**Work order**
Pictures appear among the records below and must be omitted. Repeat exactly the lines from the line with "Elisabeth Tamm (KvinnSam, Göteborgs" to the line with "Villa with panoramic seaview", both included.
===== Listed records
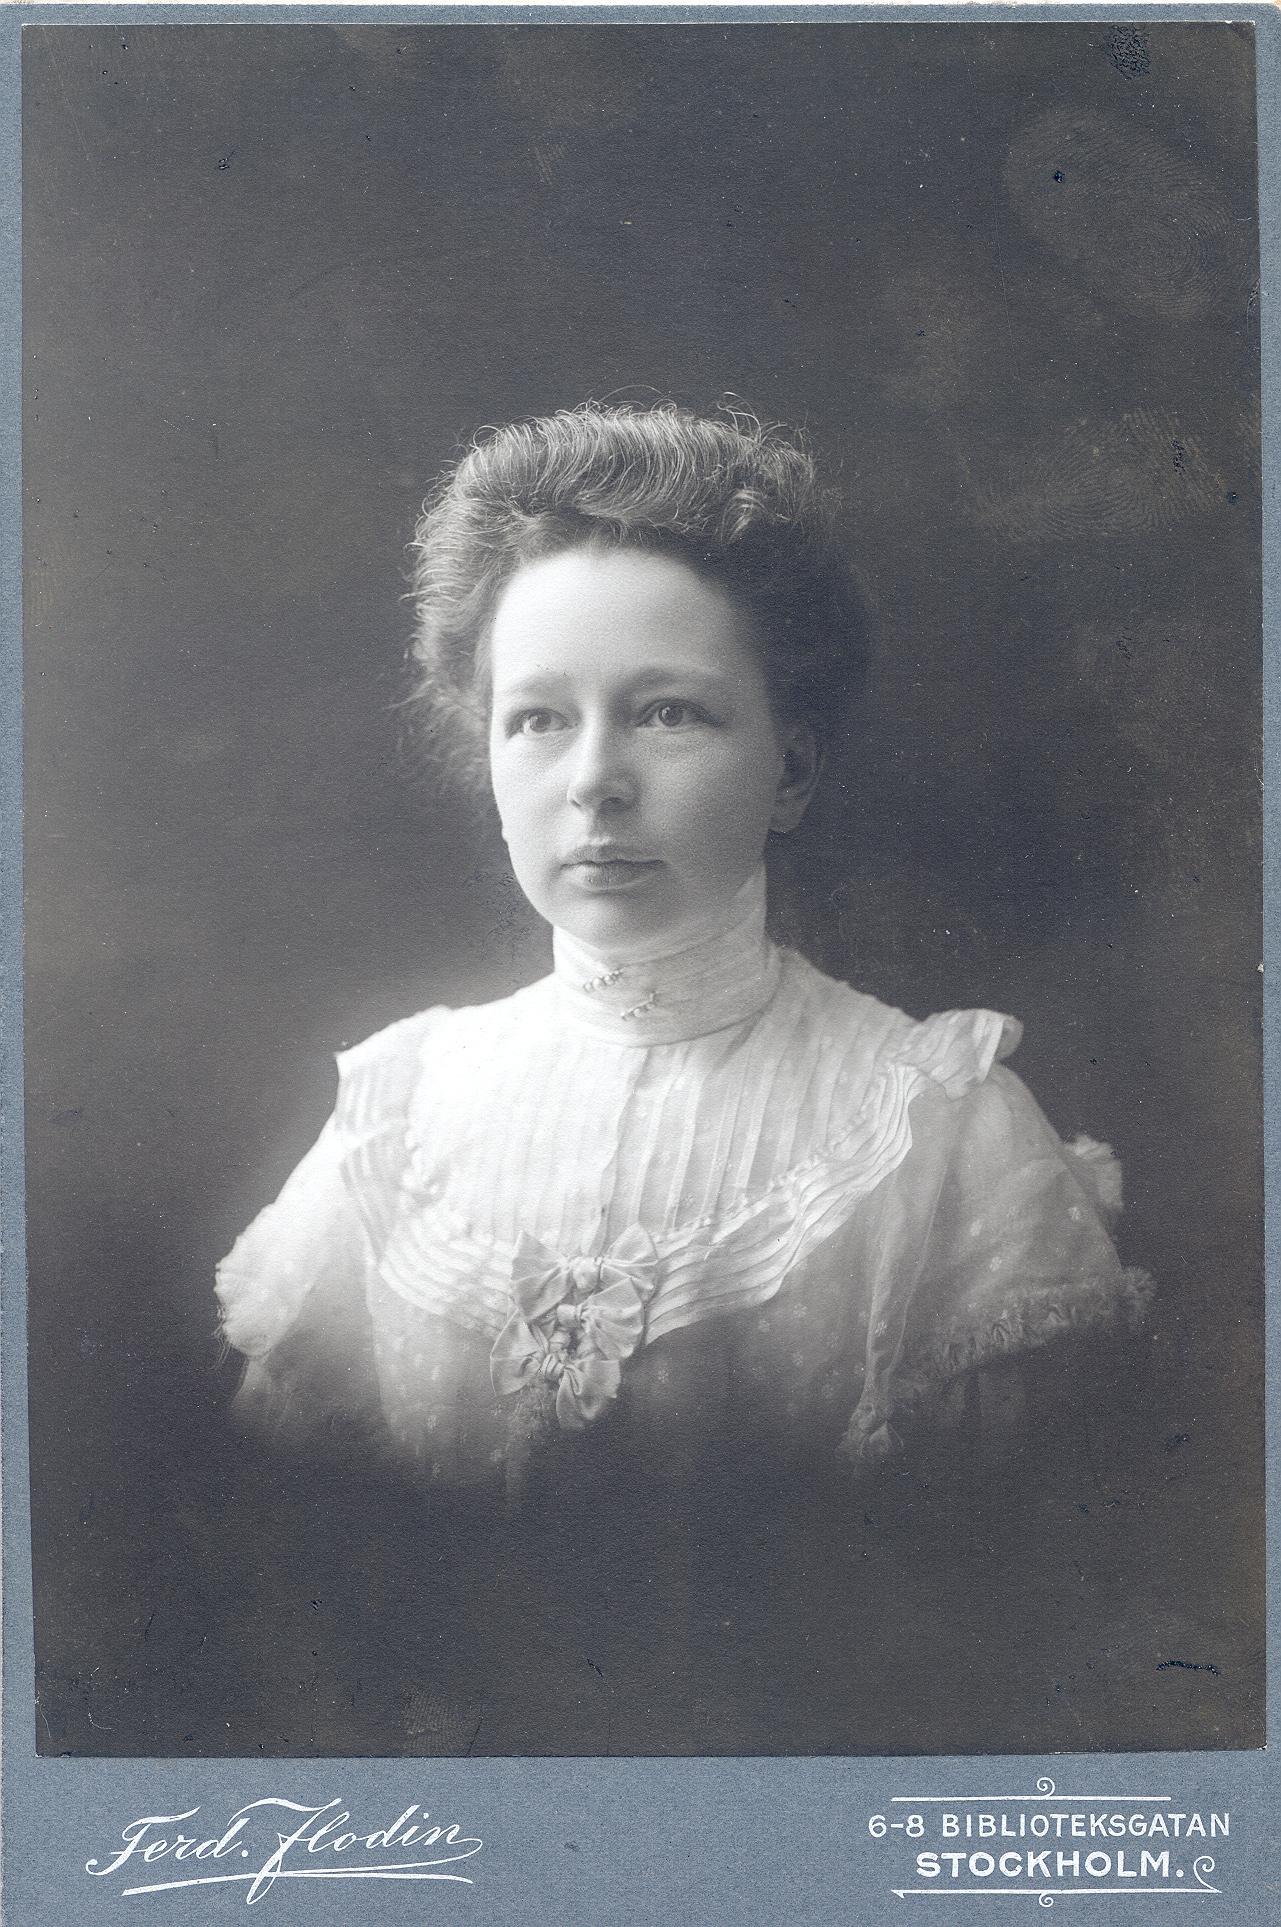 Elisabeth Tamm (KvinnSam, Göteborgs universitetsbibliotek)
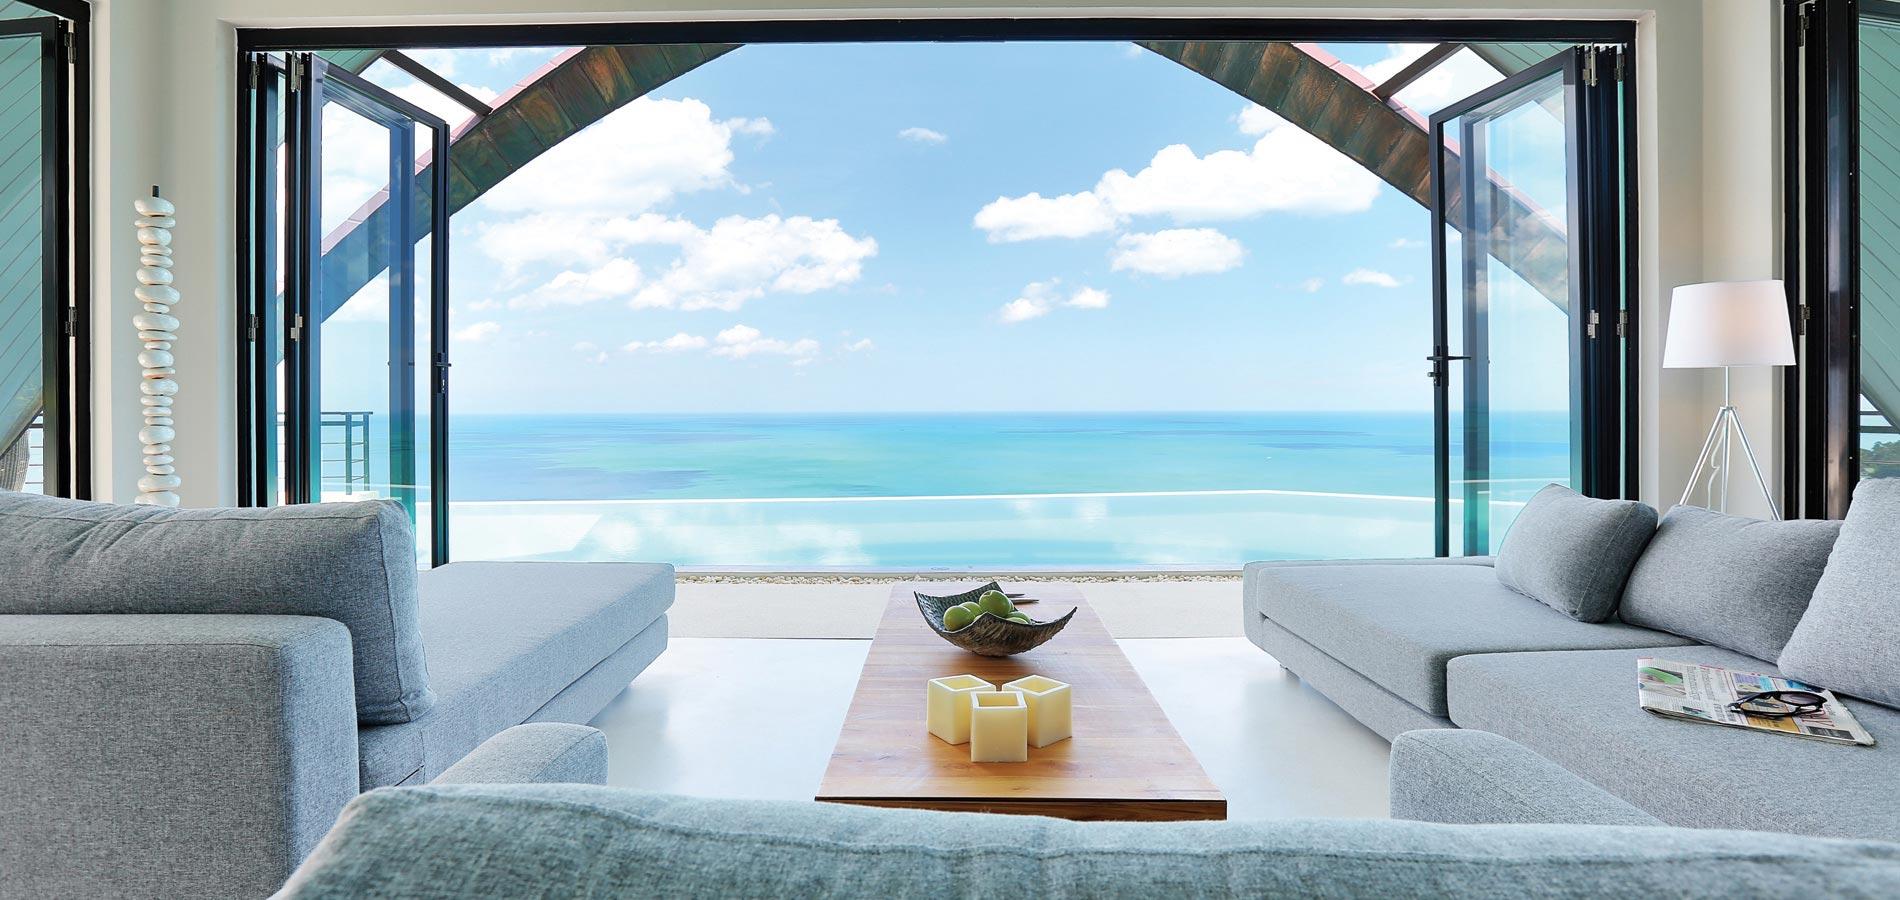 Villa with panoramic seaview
==========
===== Listed records
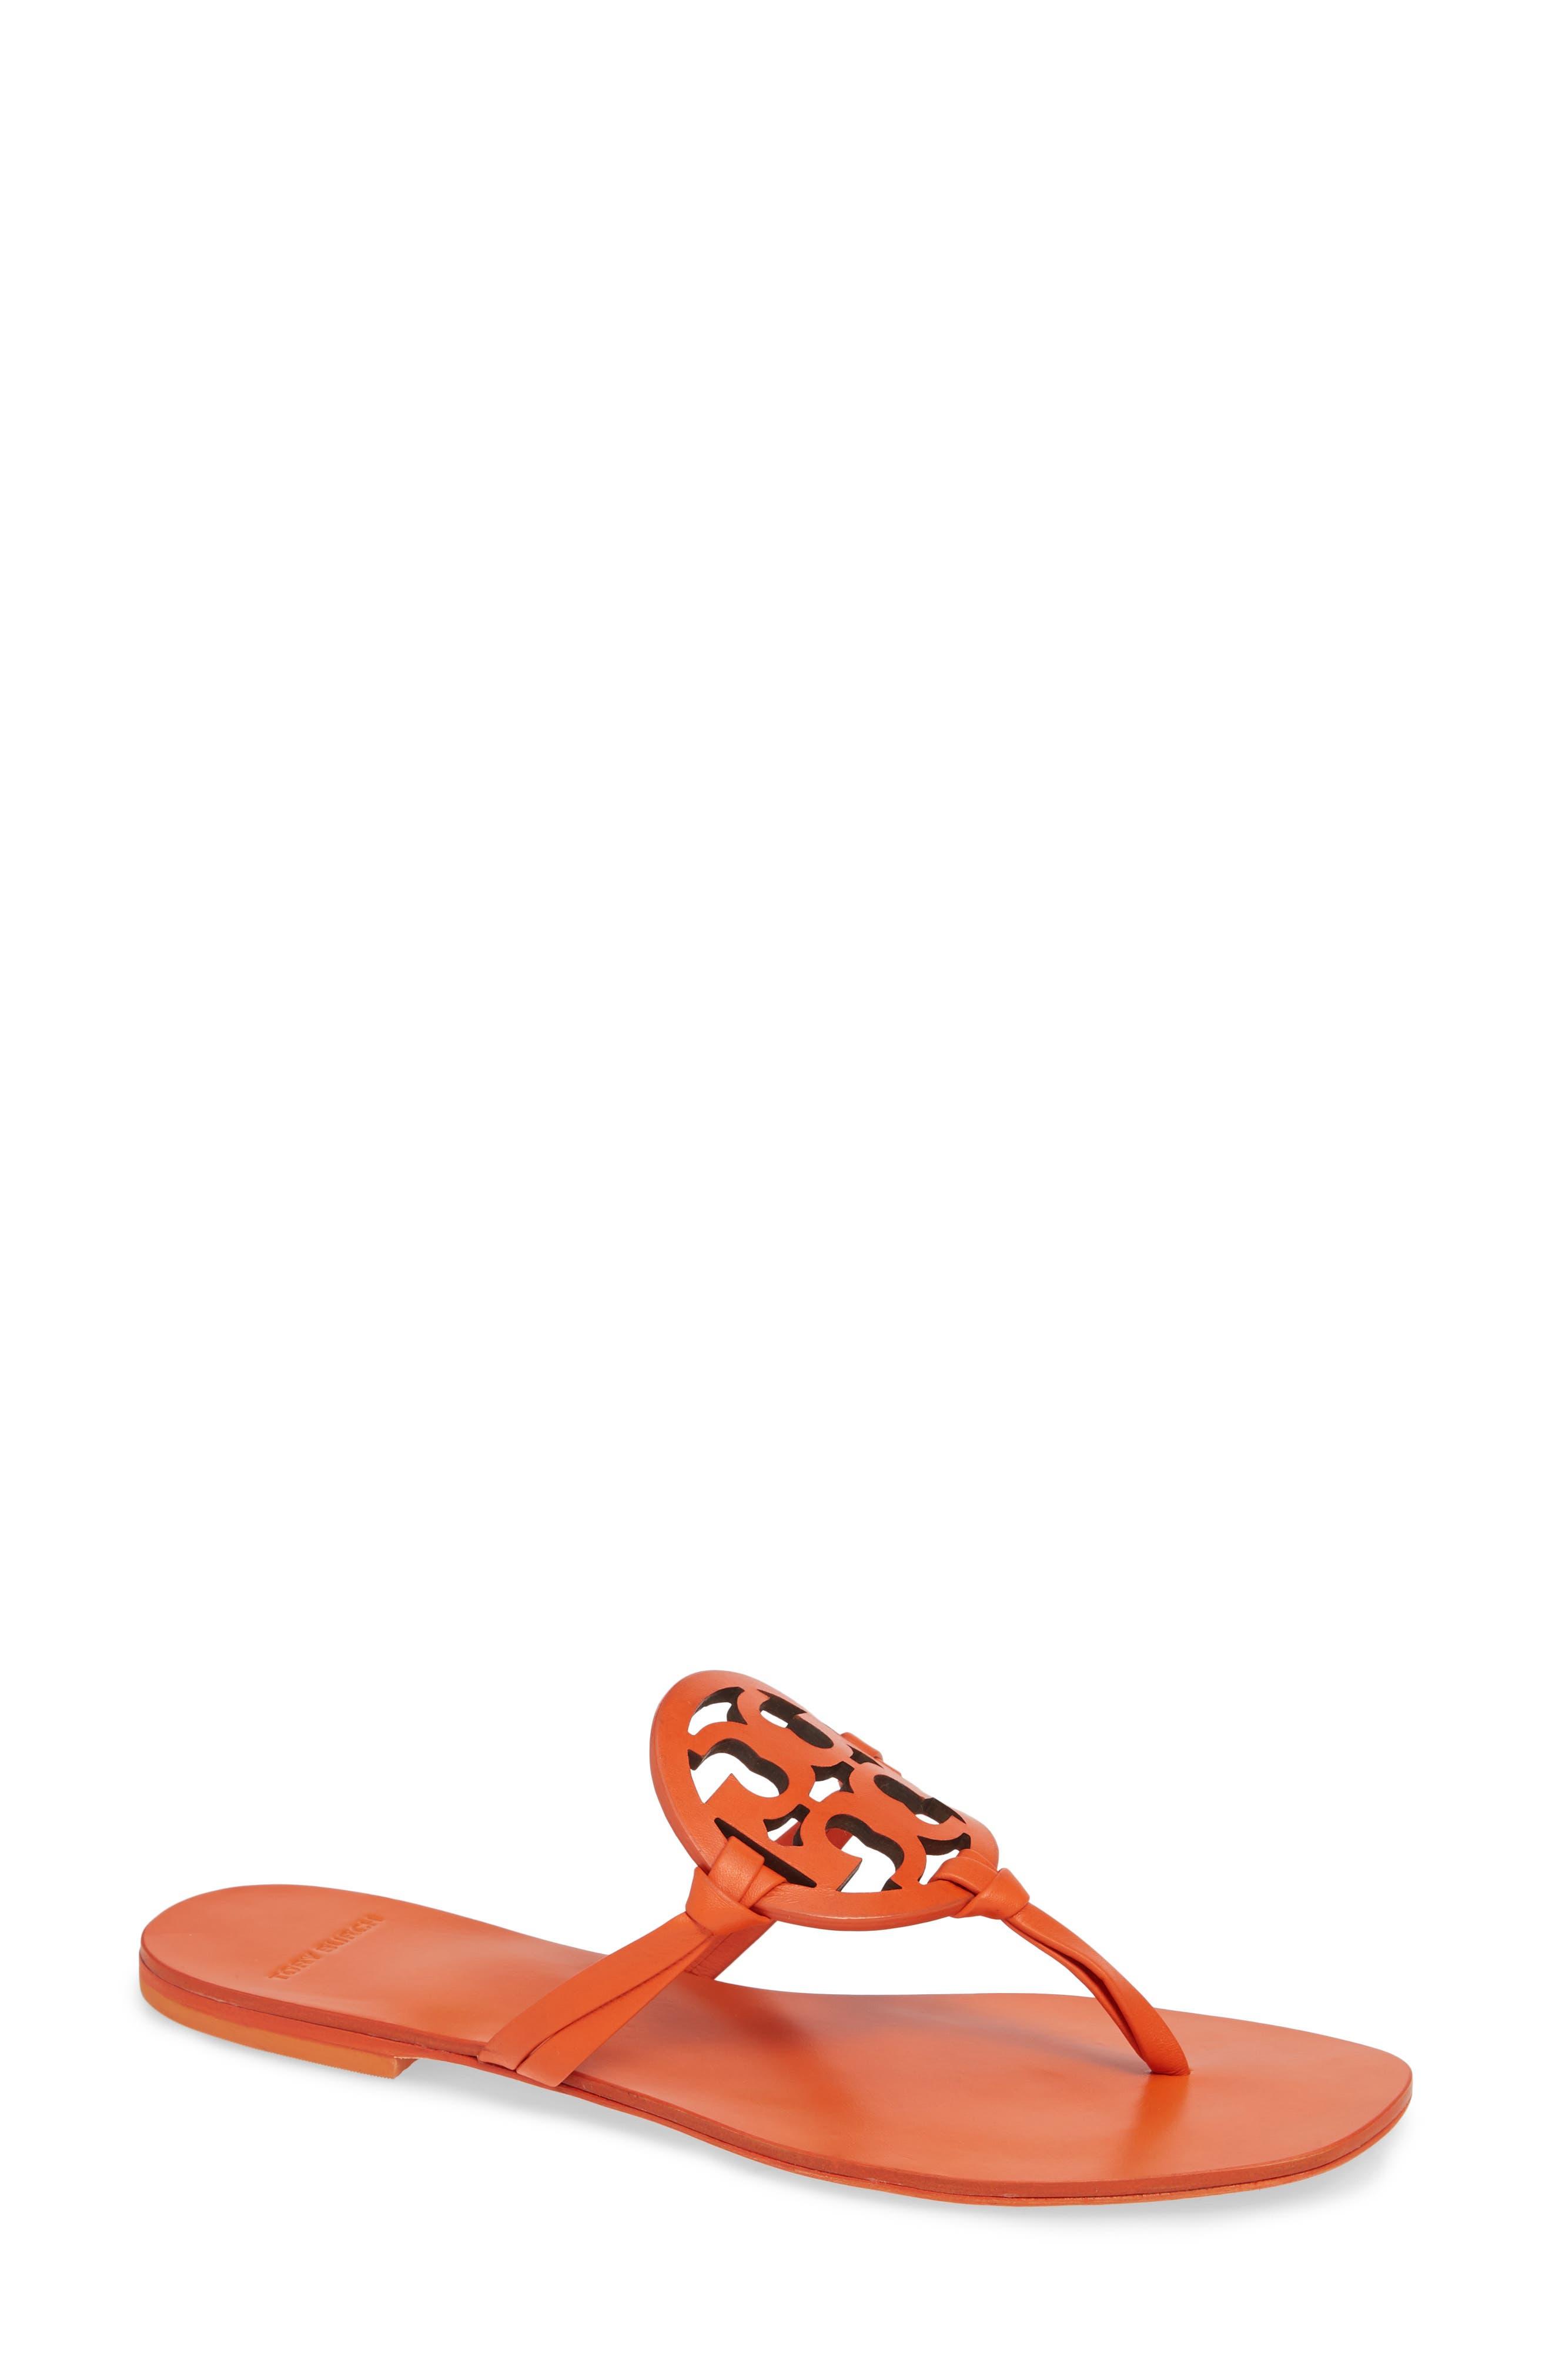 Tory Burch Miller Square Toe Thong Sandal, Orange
==========
**Worked solution**
 Elisabeth Tamm (KvinnSam, Göteborgs universitetsbibliotek)
 Villa with panoramic seaview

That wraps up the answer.